The Data Protection Act is fast becoming the biggest thorn in the side of HR
professionals, and the Information Commission’s ham-fisted approach to
introducing guidance is largely to blame. The commission has excelled itself
yet again in making the final draft of its guidance on employee monitoring even
more unfriendly to employers than the first version. The commission is giving
employers’ groups, including the CBI and the CIPD, a last chance today to undo
some of the damage, but past experience gives no grounds for optimism.
The latest draft informs organisations that they must involve the police
before undertaking any covert monitoring of staff, and advises employers to
inform staff every time they intend to monitor them.
The problem with this is if you tip off would-be pornographers and betrayers
of confidential company information that you’re about to monitor them, it is
likely to make the monitoring pointless. And is it really necessary under the
Act to inform staff they could be monitored before every work session, instead
of enshrining it in policy and informing all recruits of the fact on induction?

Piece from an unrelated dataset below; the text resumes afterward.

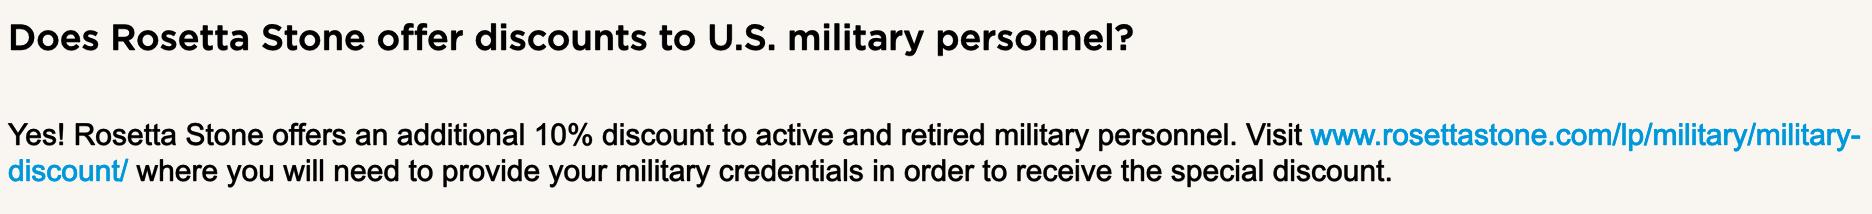 Rosetta Stone Military Veteran Discounts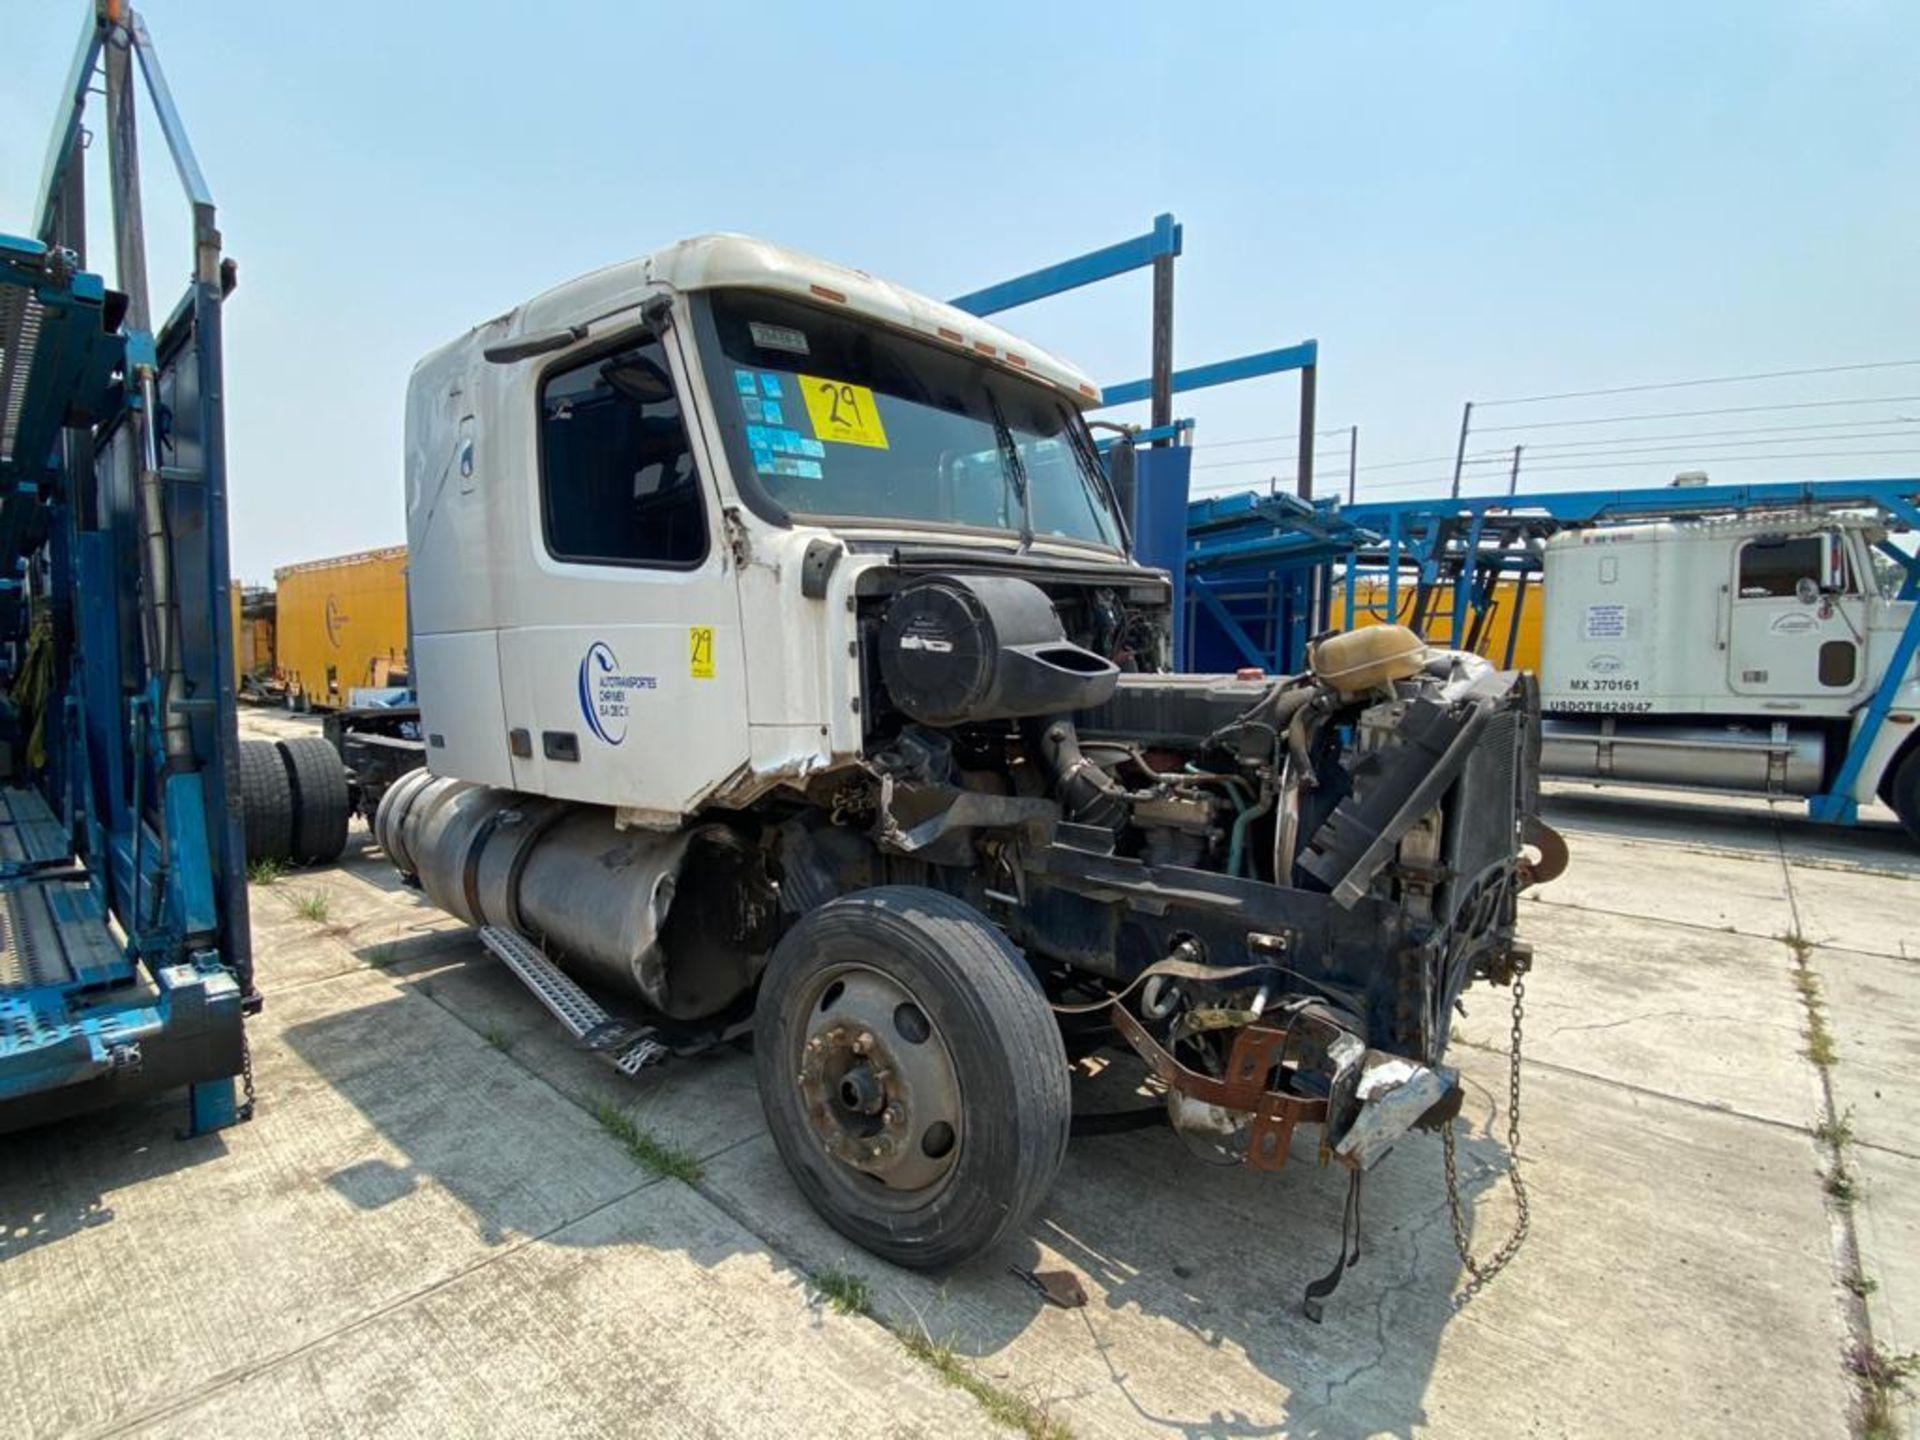 2001 Volvo Sleeper Truck Tractor, estándar transmissión of 18 speeds, with Volvo motor - Image 2 of 60

This is leaving aside concerns that it is not at all clear exactly how often HR
departments are supposed to remind staff. Should it be every day?
Of course the privacy of individuals needs to be protected in this
information age. But the simple fact is that employers’ business systems are
the property of the company. It is perfectly reasonable that employers monitor
the use of these systems to protect staff, customers and the business. The
proposed guidance makes it unnecessarily difficult to do this.
Worst of all, we shall once again have to wait for legal precedent to
clarify the scope of employment regulations. The Government’s manifesto promise
of a light touch on employment legislation is already looking very hollow.